The Council of the European Union has agreed to fast-track negotiations for an Australia-EU free trade agreement.
The EU’s Chief Trade Commissioner will visit Canberra next month to formally kick off the talks.
The Federal Government believes the agreement has the potential to be the largest free trade deal yet.
It will open the door wider to a broad range of agricultural exports including beef, sheepmeat, sugar, dairy, horticulture and wine.
“It’s a great opportunity for Australia,” said Trade Minister Steven Ciobo. “We want to conclude a deal as soon as we practicably can.
“This is about making sure that Australia has the best opportunity now to reset our relationship with the European Union. For a long time, we’ve laboured under market access conditions that haven’t been ideal, and so this will be a chance to reset that.”
Opening new markets
Agriculture Minister David Littleproud said a free trade agreement with the EU has big potential for Australian farmers and will open up lucrative new premium markets.
“So much of the food our famers produce goes to export and the government will be working hard to make sure our farmers get real benefits from this,” said Mr Littleproud.

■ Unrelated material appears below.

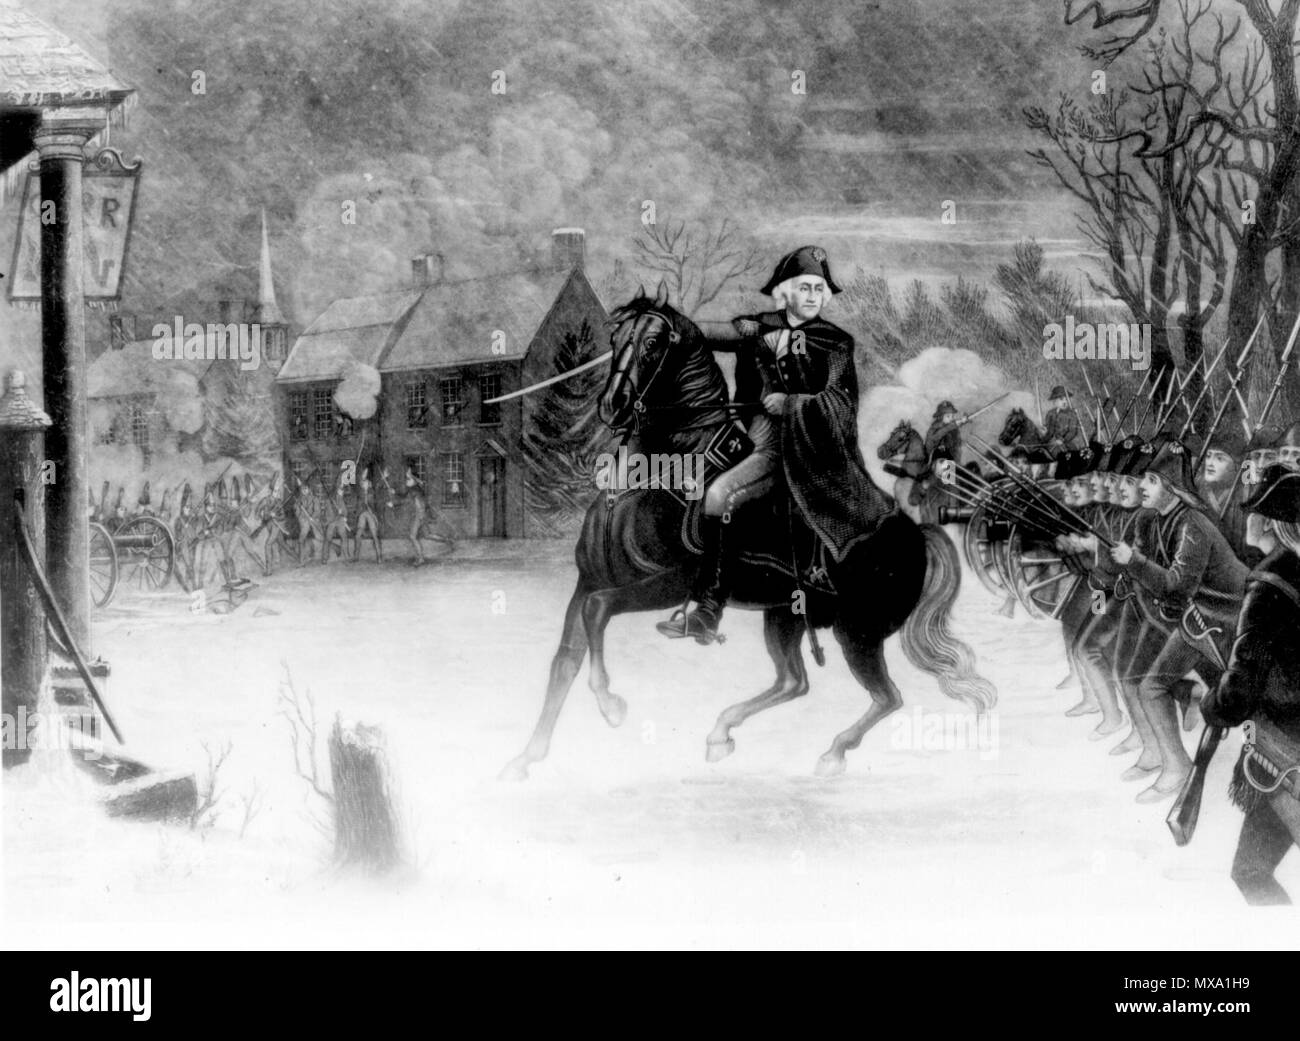 . Washington at the Battle of Trenton. An engraving by Illman Brothers. From painting by E.L. Henry. 1870. Illman Brothers from painting by   Edward Lamson Henry  (1841–1919)    Alternative names E. L. Henry; Edward Henry; Edward Lawson Henry; Eduard Lamson Henry; E.L. Henry; henry edward lamson; Henry  Description American painter  Date of birth/death 12 January 1841 9 May 1919  Location of birth Charleston  Authority control  : Q2605527 VIAF: 812204 ISNI: 0000 0000 8080 6389 ULAN: 500006188 LCCN: n87932413 NLA: 35755797 WorldCat 275 Henry-revolutionary-war Stock Photo

“A high-quality trade deal with the EU could eliminate many tariffs and create new and better export opportunities across some of our biggest sectors including beef and sheepmeat, sugar, dairy, cotton, wool, rice, grains, horticulture and wine.”

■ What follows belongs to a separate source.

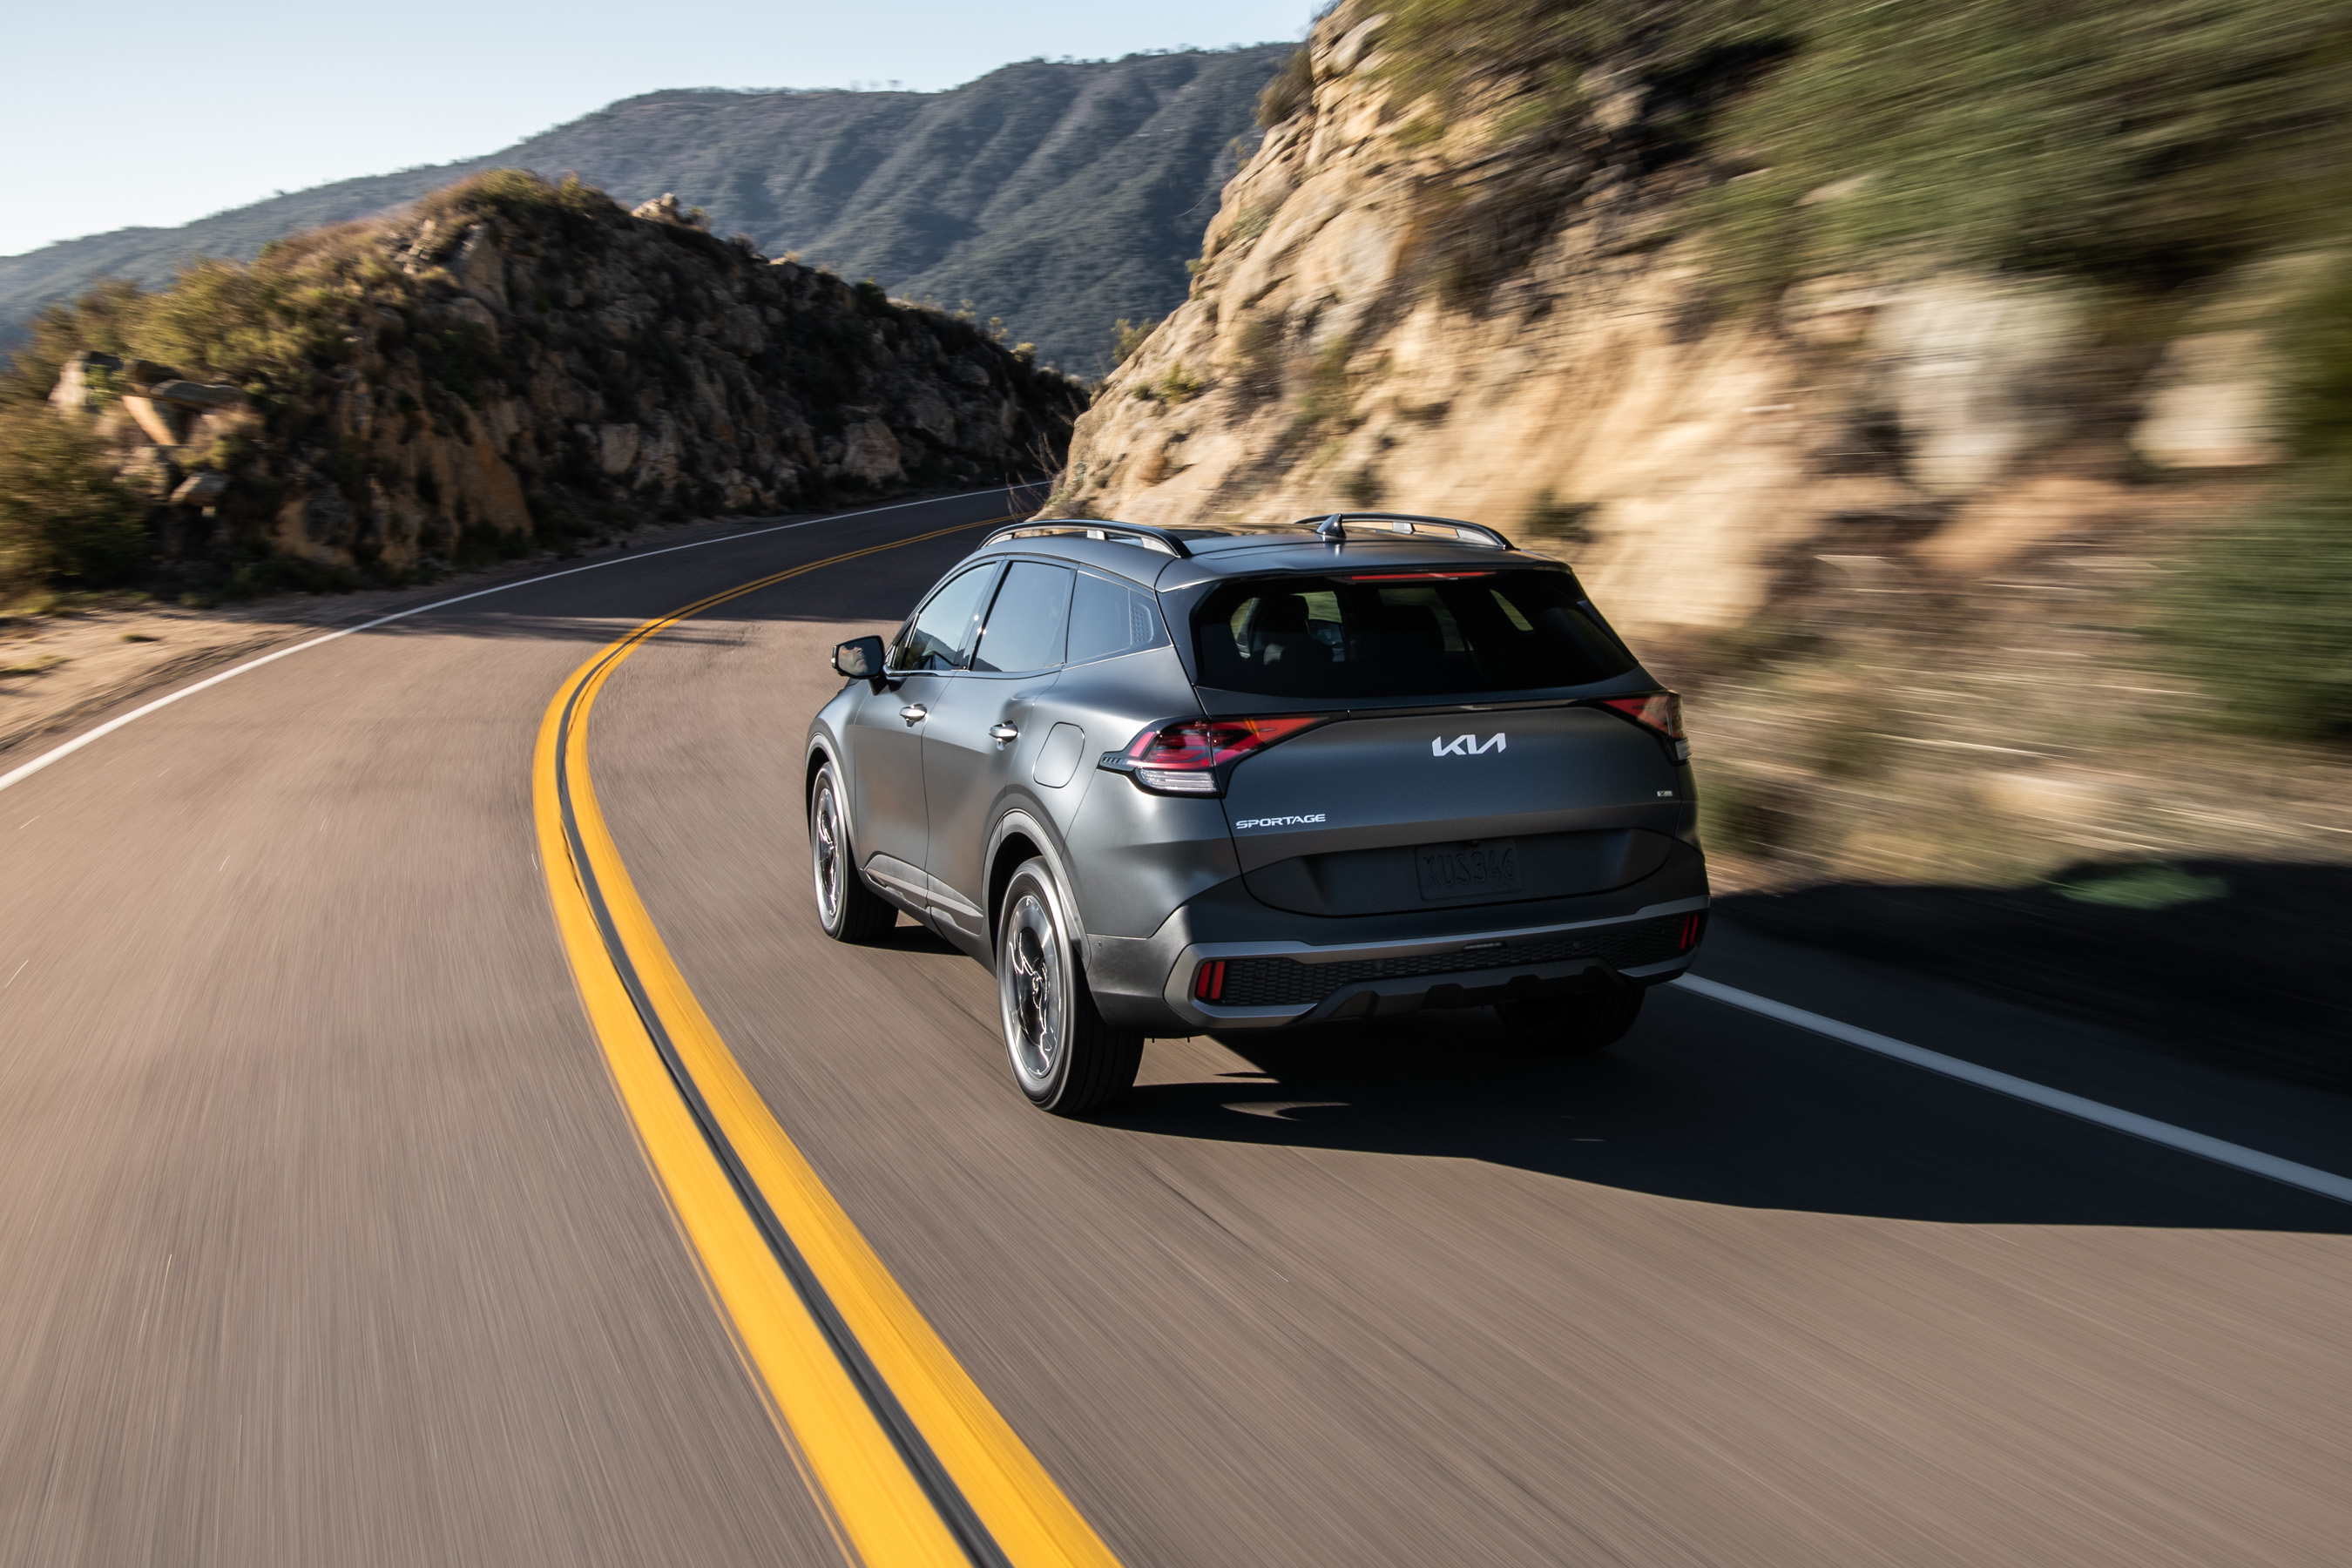 The all-new 2023 Sportage PHEV paves the way for Kia’s push toward carbon neutrality as part of the brand’s Plan S strategy.

In 2016-17 Australia’s wine exports to the EU were worth $566 million, wool was worth $333 million, beef and veal were at $229 million and nuts exports raked in $226 million.
“All are subject to various quotas and tariffs which means there is huge potential for growth as part of the future FTA.”
Improved market access
Mr Littleproud said the appointment of a new agricultural counsellor in the EU as announced in this year’s Budget will be vital to securing improved market access for farmers.

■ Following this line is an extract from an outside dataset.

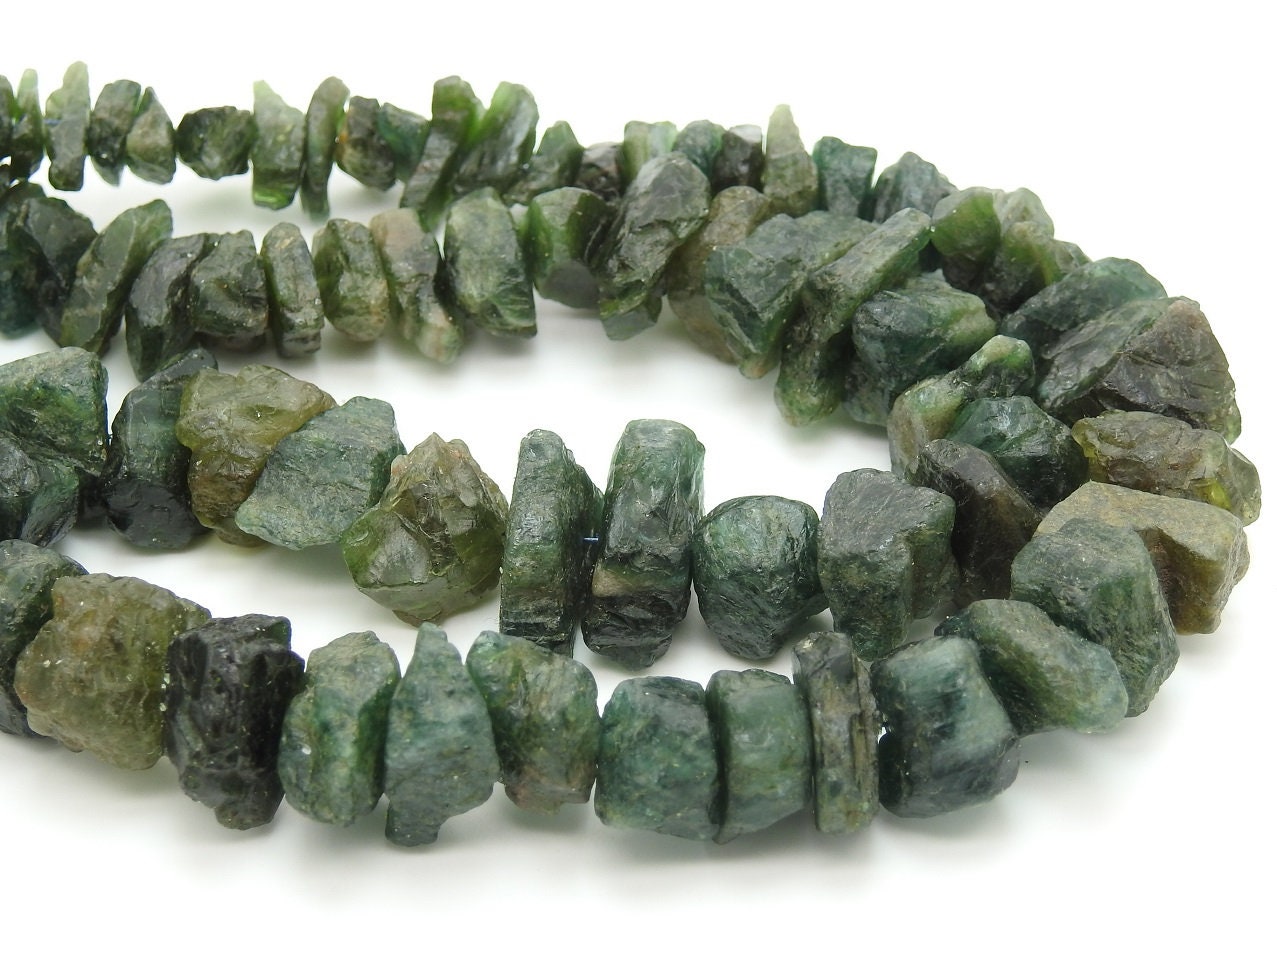 Dark Green Apatite Rough Bead,Anklets,Uncut,Chips,Nuggets,Loose Raw,8Inch Strand 15X10To6X5MM Approx,Wholesaler,Supplies 100%Natural PME-RB5 | Save 33% - Rajasthan Living 12

“The EU is our fourth largest export destination for agriculture, fisheries and forestry worth $3.8 billion in 2016-17. It is also our largest source of agriculture, fisheries and forestry imports, valued at $5.6 billion,” he said.
“FTAs give Australian exporters an important advantage over international competitors who do not have agreements in place, and level the playing field with those who do.”
Win for all Australians
Business Council chief executive Jennifer Westacott said the announcement to open free trade negotiations can be a win for all Australians.
“Free trade agreements already cover most of Australia’s major trading partners, providing important access to Australian investors and exporters of goods and services,” Ms Westacott said.
“An FTA with the European Union would further enhance Australia’s vital trade and investment interests.
“At a time when some voices, internationally and in Australia, are questioning the benefits of open trade it is heartening that both the government and the opposition are determined to continue working with progressive nations to underscore our national commitment to trade liberalisation.
“Trade is Australia’s life blood – more liberal trade globally has helped lift millions out of poverty, it helps sustain 1 in 5 Australian jobs and, gives consumers the greater choices and freedom they expect.”
Ms Westacott said the Business Council is seeking the views of its member companies and looks forward to contributing to the negotiations.